На Девяносто пятой висели два указателя — по одному на каждой стороне. Огромные желтые щиты с черными буквами. На обоих — одинаковая надпись: «ТУПИК». А дальше, уже в конце нашей улицы, висел еще один указатель: огромный, черный, с белыми буквами, с полосками, со световыми отражателями — в общем, все как надо. И на нем надпись: «ТУПИК». О тупике знак предупреждал четко, ибо висел прямо по центру и виден был издалека.

И что же вы думаете? Люди все равно ехали дальше, до самого конца. Не чуть-чуть дальше, заметьте, и не до того места, где уже и дураку понятно, что указатель не обманывает. Нет, мой читатель! Они проделывали весь путь, подъезжали прямо к указателю — огромному, черному, с полосками, тому самому, что предупреждал: «ТУПИК».

Они читали надпись: раз, другой, третий. Словно иностранцы, которым нужно перевести — тогда поймут. Они смотрели направо и налево: искали — нельзя ли где объехать. Некоторые потом еще сидели две-три минуты в машине: соображали, в чем дело. Затем давали задний ход и пытались развернуться как можно ближе к знаку. При этом занимали все пространство между нашей лужайкой, клумбой ярких ноготков соседки, миссис Полски, и кустами ежевики на противоположной стороне и, как правило, мяли всего понемногу. Но вот машина развернулась, и теперь водитель, казалось бы, должен медленно, в задумчивости тронуться в обратный путь. Не тут-то было! Машина с ревом срывается с места и мчится так, будто удирает от какой-то ужасной опасности. И так — всегда и абсолютно все, кто бы и на чем бы ни приехал, и средь бела дня, и непроглядной ночью. Полицейские машины и те раза два побывали, а однажды и огромная пожарная припожаловала.

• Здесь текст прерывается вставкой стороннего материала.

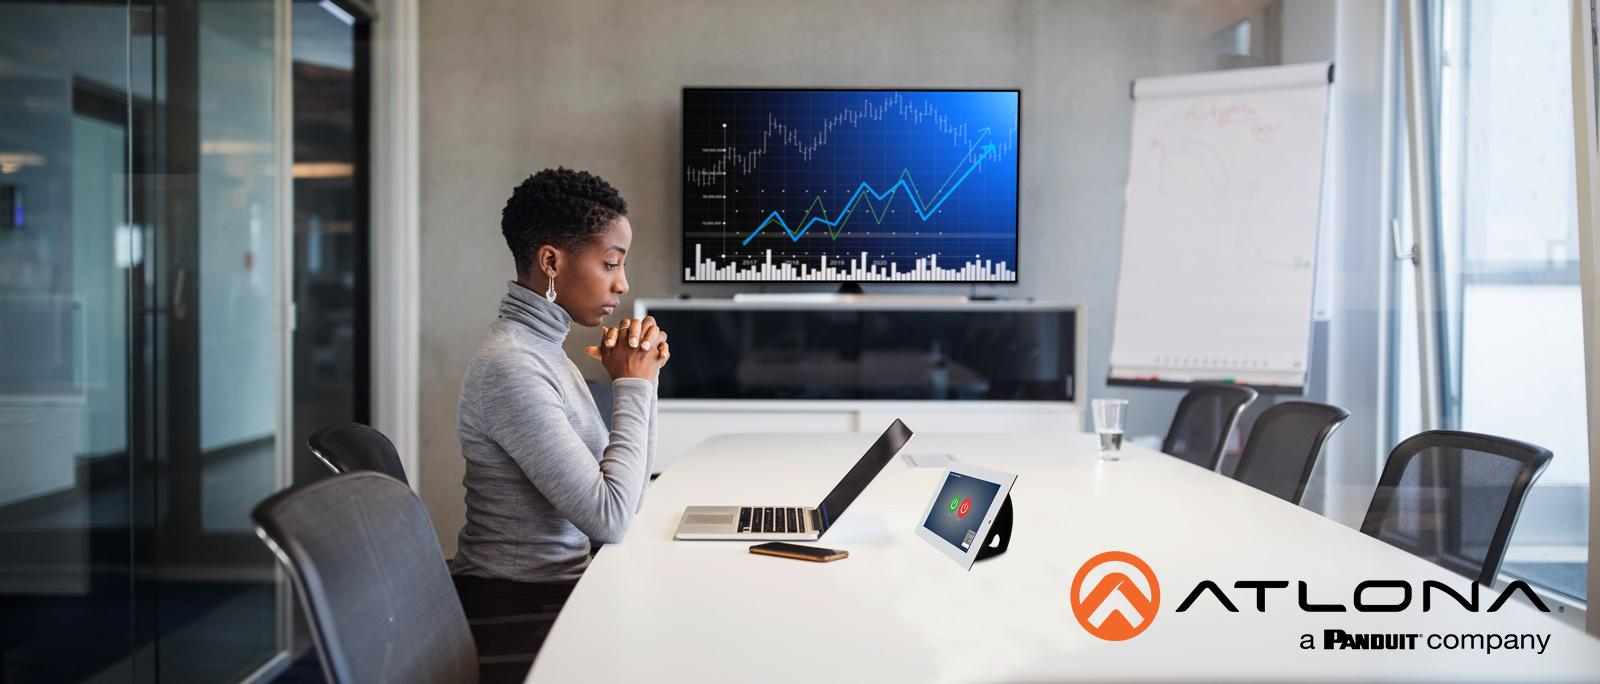 Soluciones de audio y video de alta calidad para videoconferencias

Что это — врожденная недоверчивость или врожденная глупость? Честно говоря, я и сам не знаю. Мой друг-психиатр сказал, что это пример подсознательной потребности отрицать — каждому хочется, чтобы дорога, то есть Путь, никогда не кончалась. Потому-то едут и едут дальше, сколько можно — даже наперекор четкому указателю. Каждому хочется верить, что для него дорога не кончится, что он исключение. Но, увы, дорога кончается для всех…

Теперь я это вспоминаю и думаю: а что, если бы я тогда напечатал слова друга-психиатра на карточках, карточки положил бы в ящичек, прикрепил его к указателю «ТУПИК» и оставил рядом такую записку: «Бесплатные памятки для всех желающих узнать, почему они сюда заехали». Так вот, сделай я тогда так, что было бы? Заинтересовались бы? Прочитали? Если да — то что изменилось бы? Поберегли бы люди лужайку, ноготки и ежевику? И ехали бы назад помедленнее?

А может, надо было на вершине холма повесить указатель с такой надписью: «В КОНЦЕ УЛИЦЫ — ПРИДОРОЖНАЯ СВЯТЫНЯ. ПРИЕЗЖАЙТЕ ВЗГЛЯНУТЬ НА ВЫСШИЙ СМЫСЛ ЖИЗНИ». Интересно, что произошло бы с уличным движением?

И сделай я так, стал бы я тогда знаменитым гуру? По имени Свами Тупиками.

Но мы оттуда переехали, и узнать мне об этом — не судьба.


Пришел как-то к своему раввину один человек — горем поделиться. Раввин тот был старый, мудрый и добрый — такими стремятся стать все раввины.

— Равви! Я несчастен! — воскликнул человек, ломая руки. — Мне удается меньше половины всех дел, за которые берусь.

— Вот как?

— Что мне делать? Прошу вас, научите, как быть!

Раввин надолго задумался, а потом ответил:

— Сын мой, вот тебе мудрый совет: возьми альманах «Нью-Йорк таймс» за тысяча девятьсот семидесятый год, открой страницу девятьсот тридцать, прочти — может, и найдешь утешение.

— Ага… — удивился человек, ушел и сделал как сказано.

И что же он там прочитал? Среднестатистические данные о результативных ударах прославленных бейсболистов за всю их спортивную жизнь. Тай Кобб, которому по силе и меткости не было равных, набрал всего 0,367 очка. А Малыш Рут — и того меньше.

Человек снова пришел к раввину и недоуменно спросил:

— Неужели у Тая Кобба так мало очков?!

— Да, так мало. Из трех его ударов успешным бывал лишь один. Кобб даже до половины не дотянул. Так чего же ты хочешь?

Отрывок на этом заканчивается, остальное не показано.